Toasting Spices for Flavor and Aroma
You'd become bland, too, if you just sat on the shelf for months! You'd be glad if someone lit a fire under your seed casing. Spices lose their potency from the moment they go into the jar. The best way to bring out the most flavor and aroma in them is to “wake them up” with a light toasting. Usually, this simply enhances the power of the spice, so you get more flavor from less spice. Sometimes, as in the case of cumin and anise, it gives the spice a roundness and new dimension that the spice never would have had without toasting.

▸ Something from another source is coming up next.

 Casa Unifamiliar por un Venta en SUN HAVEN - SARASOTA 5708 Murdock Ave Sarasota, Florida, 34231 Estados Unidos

For best flavor, buy spices in the most whole form you can find, whether it's seeds, like cumin, coriander, and anise; nuts, like nutmeg; or bark, like cinnamon sticks. I keep a small electric coffee grinder for grinding spices. Natural oils in spices are what give them flavor. These oils evaporate and dissipate with exposure to air. They remain much more intact inside the whole seeds, nuts, roots, or bark, and are unlocked by toasting and grinding. Even powdered spices can benefit greatly from a light toasting. The method is simple:
Sprinkle the spice into a small dry skillet, and heat it over a medium flame until the spice's aroma comes forth. If you're using a powdered spice, that's all you need to do. Go ahead and use the spice from there. For whole spices, you may choose to grind them after toasting. Usually, you don't seek to brown the spices at all, and you never want to turn any part of them black. But certain dishes call for lightly browned spices, which attain a greater degree of flavor complexity.